As for me, every year, as my Christmas tree twinkles its lights at my children, my husband, our next-door neighbors and the occasional UPS agent bringing packages – I like to think that, like John the Baptist, I’m witnessing to the Light that is on its way.
And as I haul the Christmas tree angel, the tinsel, the plastic Santa and the fake pine boughs up from the basement, part of me clings to the idea that in decorating my house for Christmas I am, along with Mary, proclaiming the greatness of the Lord.
But it is a feeble witness. Lots of people put up Christmas trees each year – my daughter’s Jewish godmother, for one, the atheist I interviewed for my book, Wrestling with God, for another. You don’t have to be a Christian to do Christmas these days.
I string the tree lights and tinsel; the pine needles prickle the backs of my hands. I wrap the fake pine boughs around the stairway railing. I pull out the Christmas stockings my mother painstakingly needlepointed for her grandchildren when they were small.
And I listen to a CD of the Mormon Tabernacle Choir belting out Christmas carols.
Not “Rudolph, the Red-Nosed Reindeer.” Not “White Christmas.” Not “I’ll Be Home for Christmas.” Not the watered-down stuff you hear at the mall these days.
But carols with some backbone: “Silent Night” and “Hark, the Herald Angels Sing,”

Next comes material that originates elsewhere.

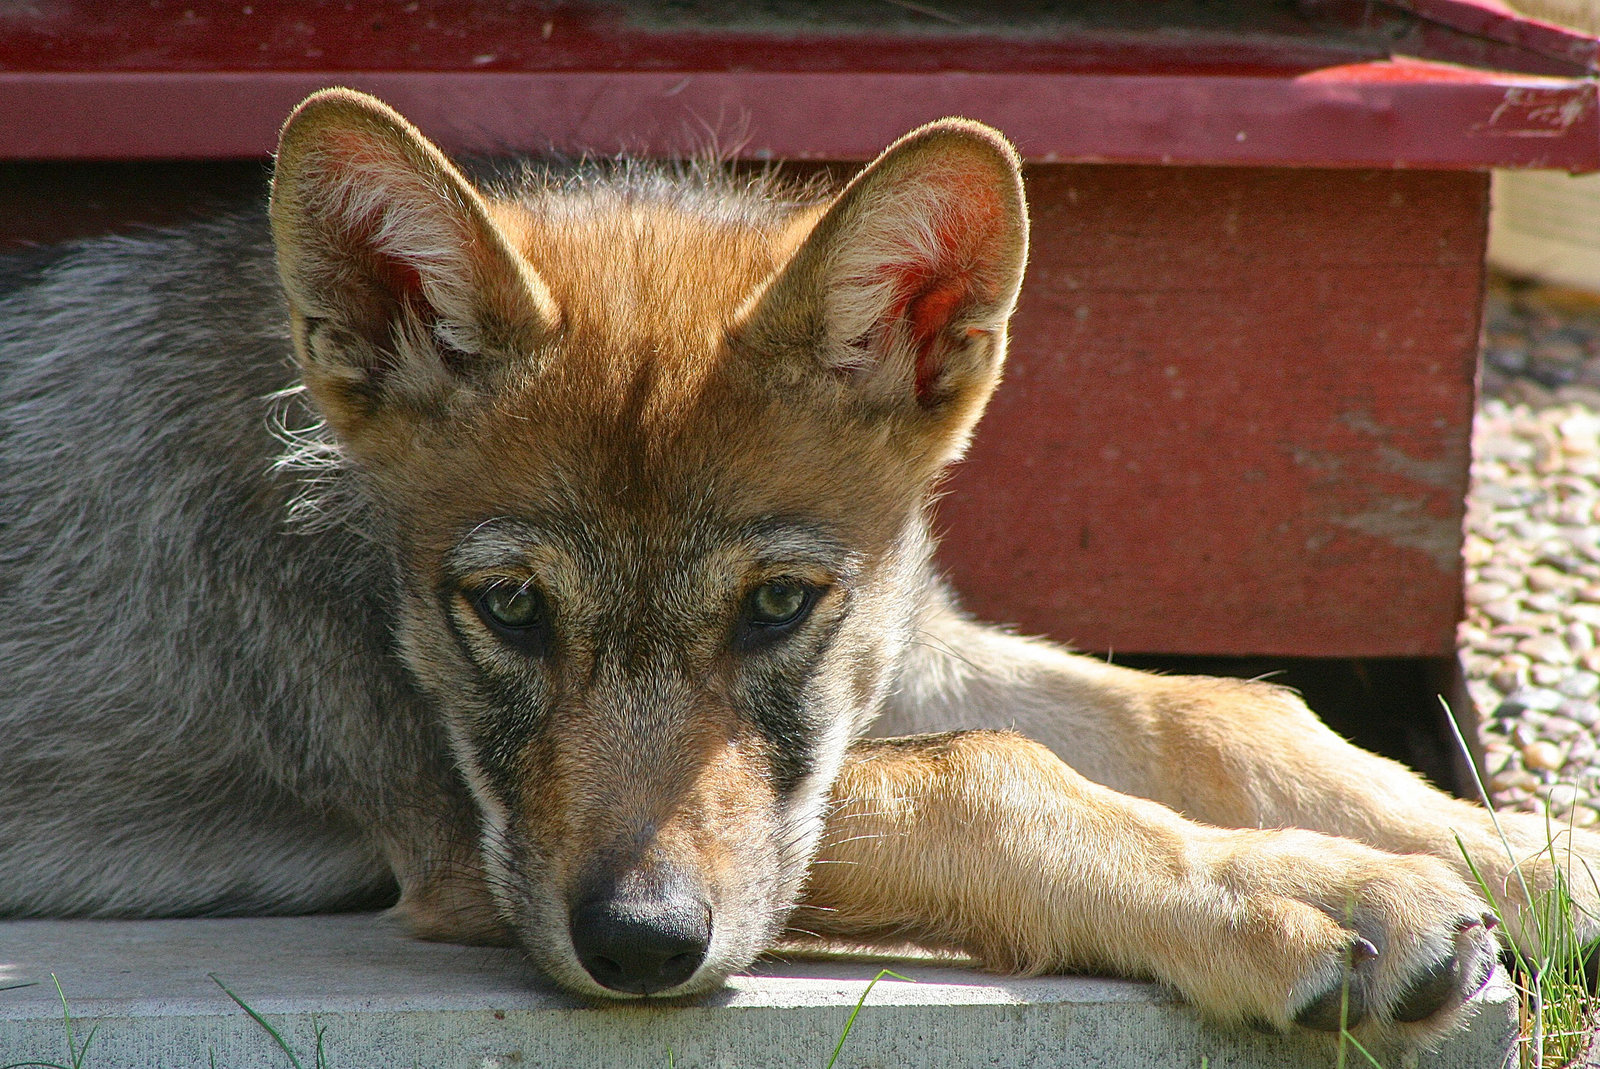 取物的意愿可能是狼祖先种群中存在的狼的特征

Just as John the Baptist wasn’t afraid to speak truth to the cultural authorities of his time – the priests and the Levites – these carols speak their truth to me, to my household and to our surrounding culture:
“Son of God, love’s pure light radiant beams from Thy holy face.”
And, “Veiled in flesh, the Godhead see. Hail the incarnate Deity.”
Kids don’t sing these carols in school any more, and it’s the rare merchant who will play something so explicitly, viscerally Christian in their store.
But I’m free to play them in the privacy of my own home. My family likes the old carols; they sang them as kids. But they mostly ignore the lyrics.
The lyrics are too intense, my husband (who was reared by a couple of Berkeley agnostics) might complain. Too heavy, my upbeat, self-sufficient son would say. “Too much God stuff,” my daughter, a beginner Buddhist, might declare.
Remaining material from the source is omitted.